MARSHAL FOCH.
For the first time Foch had the advantage of numbers, and by June there were more than half a million Americans in France. Moreover, he had devised an answer to the German tactics, and in his new light tanks he had a weapon which would give him the advantage of surprise. But like a great and wary commander, he waited till the enemy had struck yet again, so that he might catch him on the rebound. Germany still maintained her confidence. Her press announced that unless the American army could swim or fly it would never arrive in Europe—that at the best the men of the United States were like the soldiers of a child's game, made of paper cuttings. The battle staged for July was to bring the Germans to Paris. One army was to strike east of Rheims and cut the railway from Paris to Nancy. Another was to press across the Marne. When Foch had hurried all his forces to the danger points a third army would break through at Amiens and descend on the capital from the north. Then the British would be finally cut off from the French, the French would be broken in two, and victory, complete and indubitable, would follow.
The enemy was so confident that he made no secret of his plans, and from deserters and prisoners Foch learned the main details long before the assault was launched. The French general resolved to play a bold game. He borrowed a British corps from Haig, and he thinned the Amiens section so that it was dangerously weak. His aim was to entice the enemy south of the Marne, and then in the moment of his weakness to strike at his undefended flank.
At midnight on Sunday, 14th July, Paris was awakened by the sound of great guns, and knew that the battle had begun. At 4 a.m. on the 15th the Germans crossed their parapets. The thrust beyond the Marne was at once successful, for it was no part of Foch's plan to resist too doggedly at the apex of the salient. On a front of 22 miles the Germans advanced nearly three. But the attack east of Rheims was an utter failure. Gouraud's counter-bombardment dislocated the attack before it began, and with trifling losses to himself he held the advance in his battle zone, not losing a single gun. In the west the Americans stood firm, so that the enemy salient could not be widened. These were the troops which, according to the German belief, could not land in Europe unless they became fishes or birds. The inconceivable had been brought to pass—"Birnam Wood had come to Dunsinane."
In two days the German advance had reached its limit—a long narrow salient south of the Marne, representing a progress at the most of 6 miles from the old battle-front. The time had now come for Foch's counterstroke. He had resolved to thrust with all his available reserves against the weak enemy flank from Soissons southward. There, in the shelter of the woods of Villers-Cotterets, lay the army of Mangin, who first won fame at Verdun.
The morning of the 18th dawned after a night of thunderstorms and furious winds. There was no gunfire on the French side, but at 4.30, out from the shelter of the woods came a great fleet of French light tanks, and behind them on a front of 35 miles the French and American infantry crossed the parapets. Before the puzzled enemy could realize his danger they were through his first defences.

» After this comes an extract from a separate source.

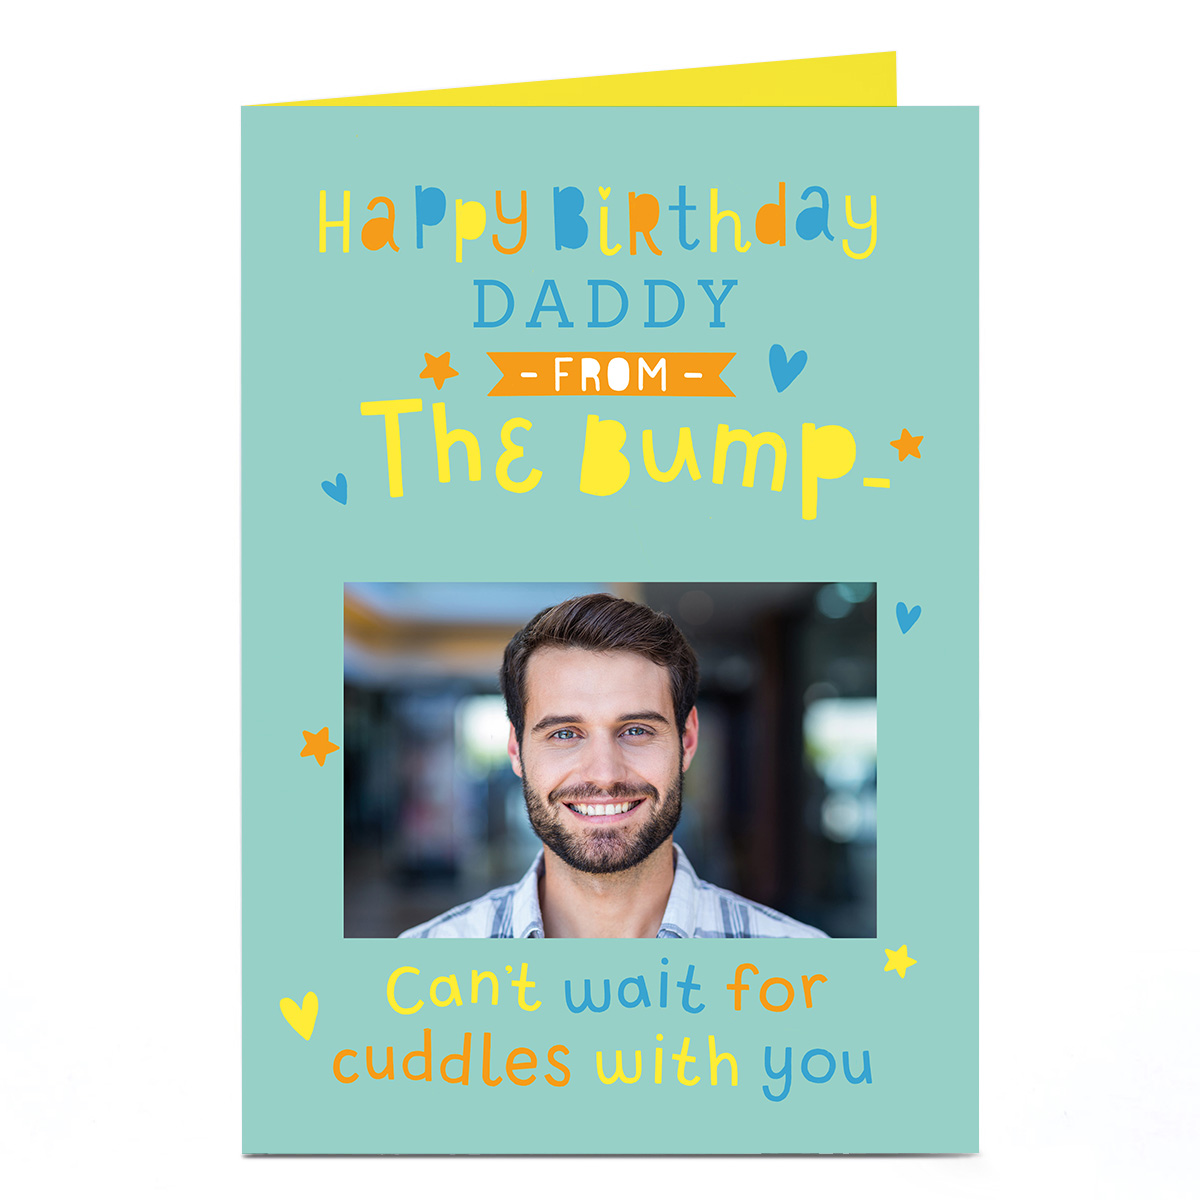 Photo Birthday Card - Cuddles From The Bump

The advance of the 18th was like a great bound forward. The chief work was done by Mangin's left wing, which at half-past 10 in the morning held the crown of the Montagne de Paris, on the edge of Soissons. All down the line the Allies succeeded. Sixteen thousand prisoners fell to them and some 50 guns, and at one point Mangin had advanced as much as 8 miles. Foch had narrowed the German salient, crumpled its western flank, and destroyed its communications. He had wrested the initiative from the Germans and brought their last offensive to a dismal close.
He had done more, though at the time no eye could pierce the future and read the full implications of his victory. Moments of high crisis slip past unnoticed. It is only the historian in later years who can point to a half-hour in a crowded day and say that then was decided the fate of a cause or a people. As the wounded trickled back through the tossing woods of Villers-Cotterets, spectators noted a strange exaltation in their faces. When the news reached Paris the city breathed a relief which was scarcely justified with the enemy still so strongly posted at her gates. But the instinct was right. The decisive blow had been struck. When the Allies breasted the Montagne de Paris that July morning they had, without knowing it, won the Second Battle of the Marne, and with it the war. Four months earlier Ludendorff had stood as the apparent dictator of Europe; four months later he and his master were fleeing to a foreign exile.